Udacity-Data-Streaming-Nanodegree
Udacity-Data-Streaming-Nanodegree copied to clipboard
Udacity Data Streaming Nanodegree Program
Udacity - Data Streaming Nanodegree Program
Building up the latest skills to process data in real-time by building fluency in modern data engineering tools, such as Apache Spark,Kafka, Spark Streaming, and Kafka Streaming.

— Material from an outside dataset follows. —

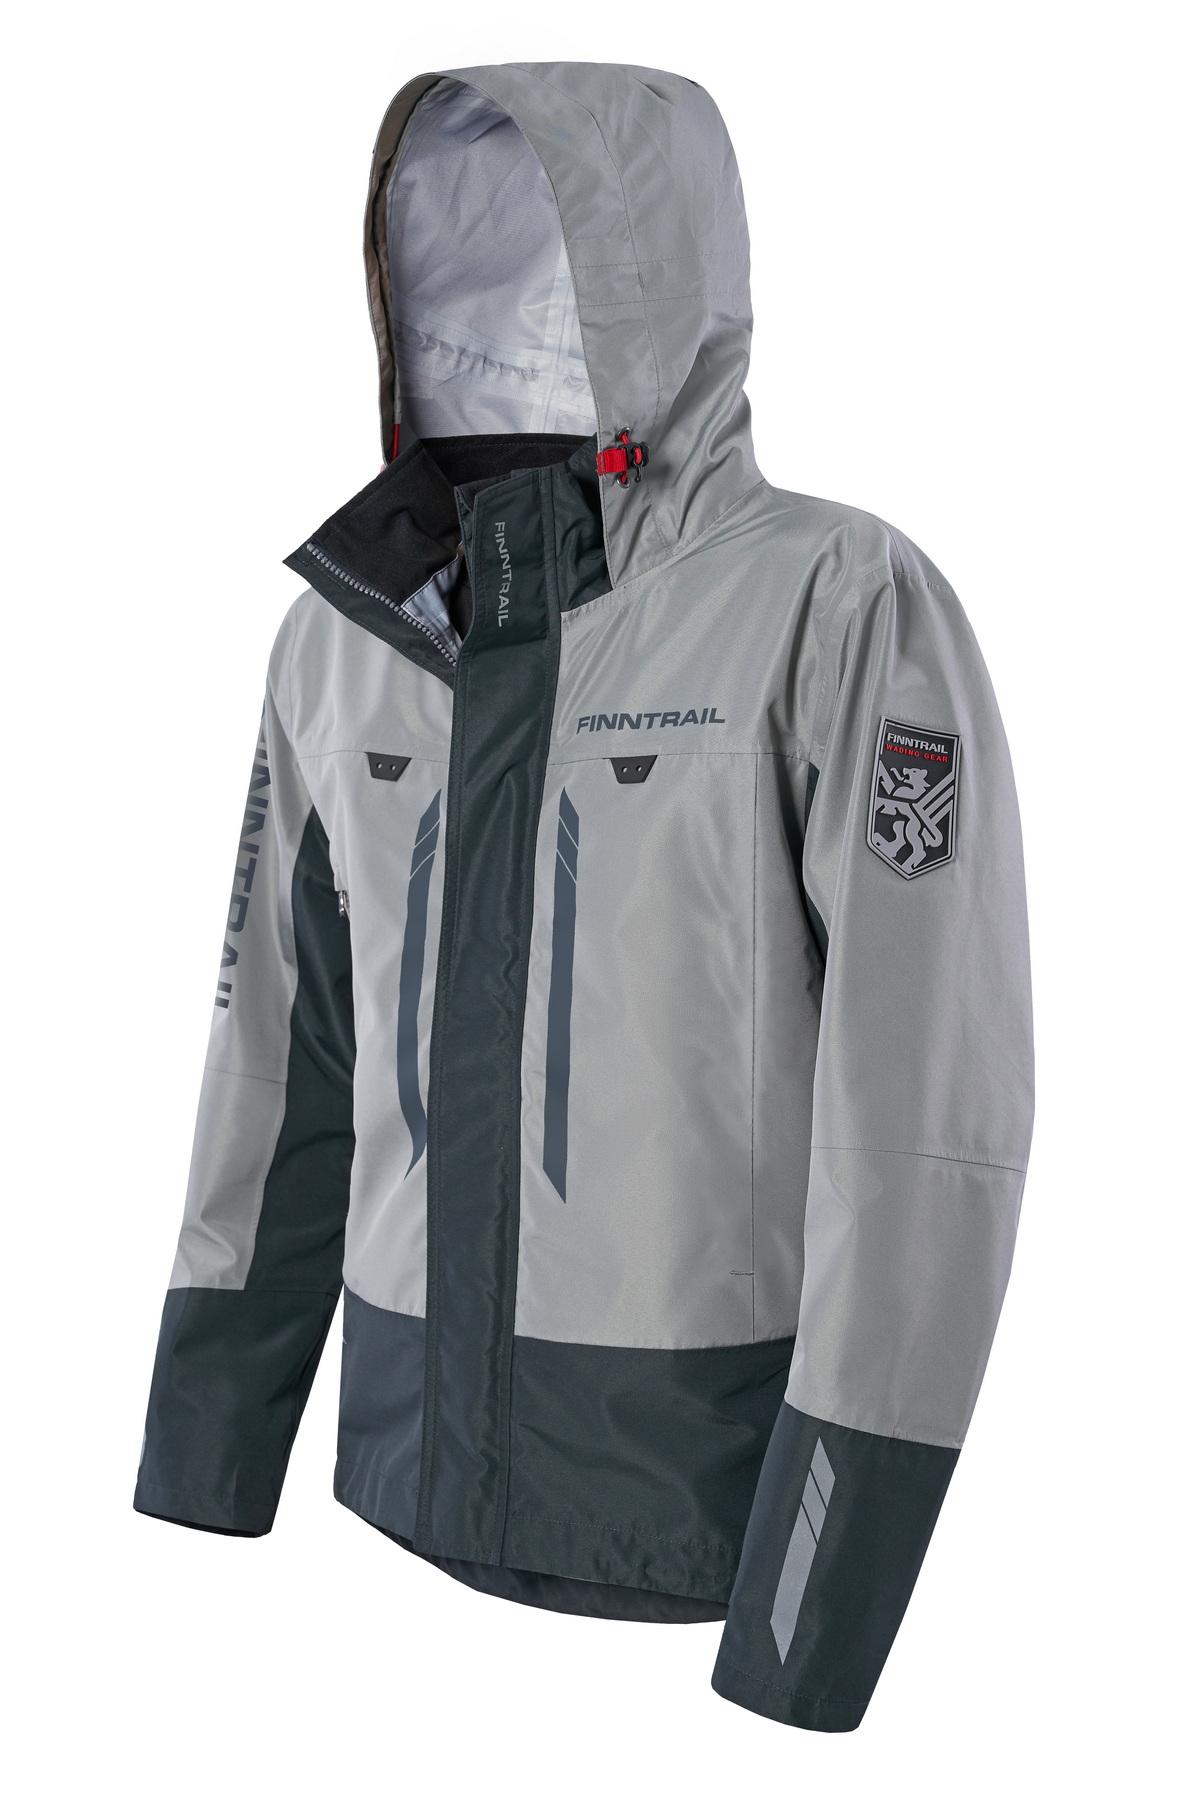 Finntrail Jacket GreenWood Grey

- Understand the components of data streaming systems. Ingest data in real-time using Apache Kafka and Spark and run analysis.
- Use the Faust Stream Processing Python library to build a real-time stream-based application. Compile real-time data and run live analytics, as well as draw insights from reports generated by the streaming console.
- Learn about the Kafka ecosystem, and the types of problems each solution is designed to solve. Use the Confluent Kafka Python library for simple topic management, production, and consumption.
- Explain the components of Spark Streaming (architecture and API), integrate Apache Spark Structured Streaming and Apache Kafka, manipulate data using Spark, and read DataFrames in the Spark Streaming Console.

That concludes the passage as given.